The 1960 newsletter reported on activities and unnamed research going on in the buildings and showed pictures of handling of the primitive, unprotected and unsafe equipment that always created leaks and explosions.
“My sister told me, ‘You know you got it from Ames Lab,’ I was in total shock and disbelief.”
She waited two weeks to get surgery and begin chemotherapy. A year after her diagnosis, she found out that her former boss at the lab died of cancer after stumbling across his picture in the obituaries.
The woman called her boss's widow and was told that her boss's doctors determined that his cancer was caused by radiation.

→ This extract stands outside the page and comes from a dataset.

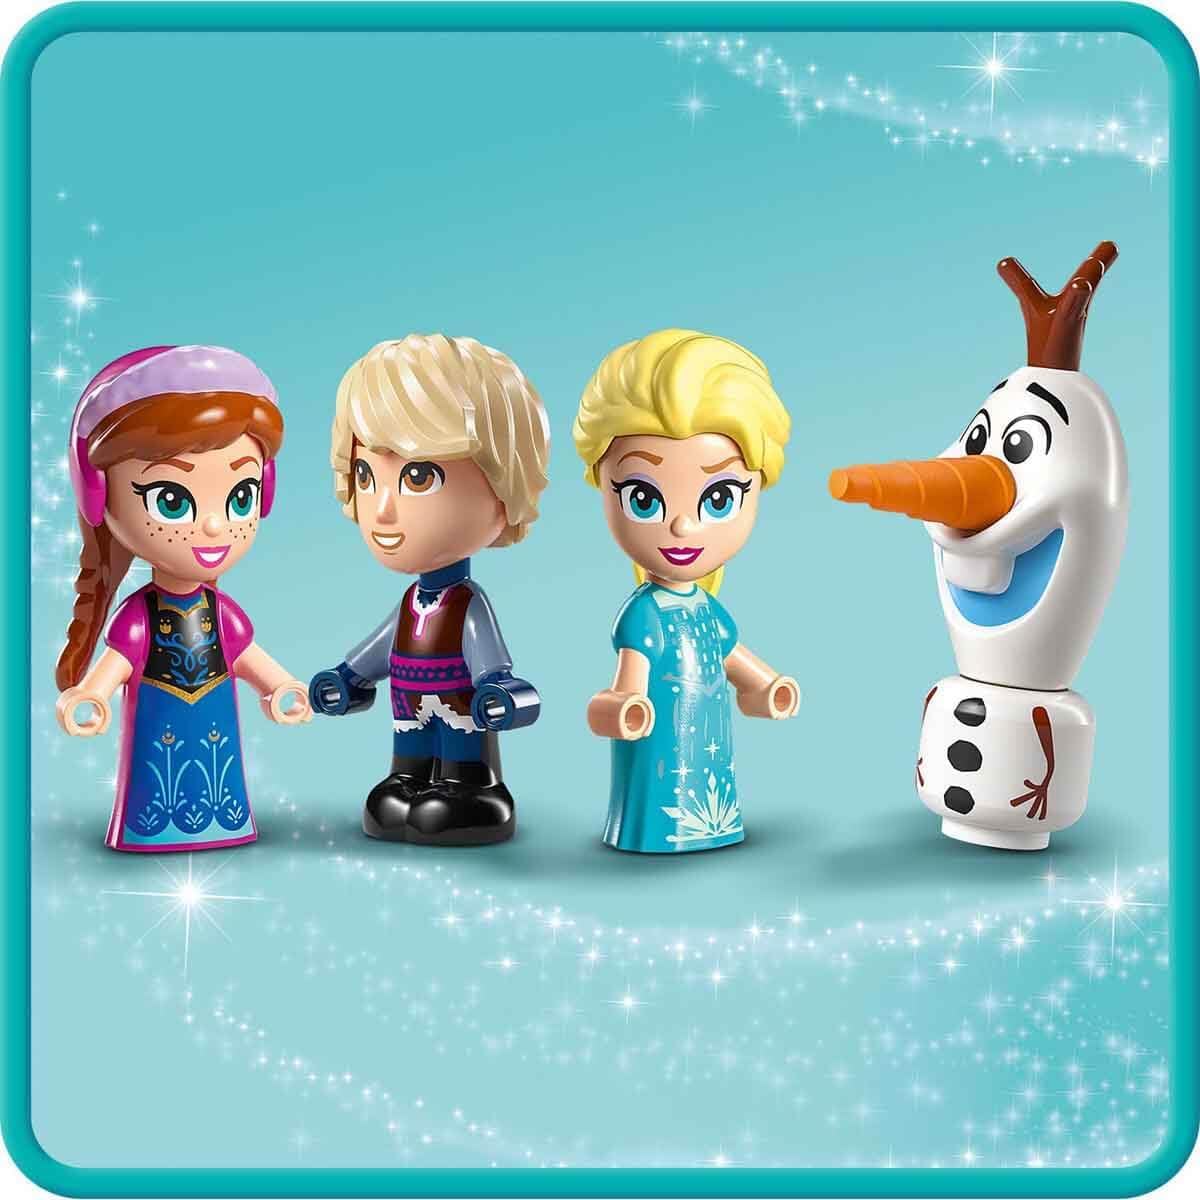 LEGO Disney - Princess Anna and Elsa Merry-Go-Land 43218

In 1985, 21 years after leaving the lab to give birth and only a few years before learning of her own disease, the secretary's son was diagnosed with thyroid cancer. Pregnant before she left the lab in 1961, the woman wasn’t aware that she had exposed her unborn son to radiation while working at the lab.
With a scar on his neck and another stretching from ear-to-ear, the woman found out there was no claim for her son because he wasn’t employed by the company during that time period.
“That was really sad to happen because of me,” she said.
While working at a local clinic, the formerly lab-employed woman ran into coworkers of the lab.
Each had 1 of the 22 types of cancers and discussed with the woman how there must be a link between the things that went on behind closed doors at the laboratory and their health.
Convinced that there was some sort of correlation, the woman pursued a compensational claim in January 2007, but was turned down because her radiation count was too low.
Radiation must equal up to 50 percent in order to qualify for compensation, according to the National Institute for Occupation Safety and Health.
The woman went through a rigorous claims process with NIOSH including a 17-page testimony, large amounts of documentation and filling out numerous forms.
Later it was determined exposure during these years did occur, and she should receive a one-time lump compensational sum because of her employment that resulted in her illness from the Ames Lab.
NIOSH gave the claim to the advisory board and determined it was a valid exposure and was later approved by Health and Human Services.
After being approved, the claim went to Congress and was approved Friday.
After reading an article in another publication about the lab, the woman read that all former workers should contact Laurence Fuortes of the University of Iowa. Fuortes is the designated person to contact between former workers at the Ames Lab and the Department of Labor.
His main role is to identity people who are candidates for the program, said Alex King, Director of the Ames Laboratory.
"The lab's position right now is that everybody who was exposed to any harmful chemicals while they worked at the lab is deserving of compensation," King said. "The work they did to help the defense of the nation and like anybody else who has worked for the U.S. people, they deserve to be taken care of. We hold back nothing from any of those people in terms of helping them establish their case."
The secretary urged former workers were employed at the Ames Lab from 1955 to 1960 to file the claim if they've had cancer no matter if they think it's related or not. Researching on the Internet and other media for the past four years seems endless according to her and she says that when one waits, things can get very tiring.
"I'm just glad it's finally over," she said. "As far as the claims process goes, I can put it behind me and move on. I enjoyed working there and my work, and I'm just sorry that I was exposed and had to go through what I did."
The secretary didn't find out what was going on in her building until she got her surgery and began doing extensive research on the internet.
"We knew we couldn't know of what went on beyond," she said. "I mean, they were working in the same building I was in, but we couldn't have known what they were actually doing ... they were just down the hall."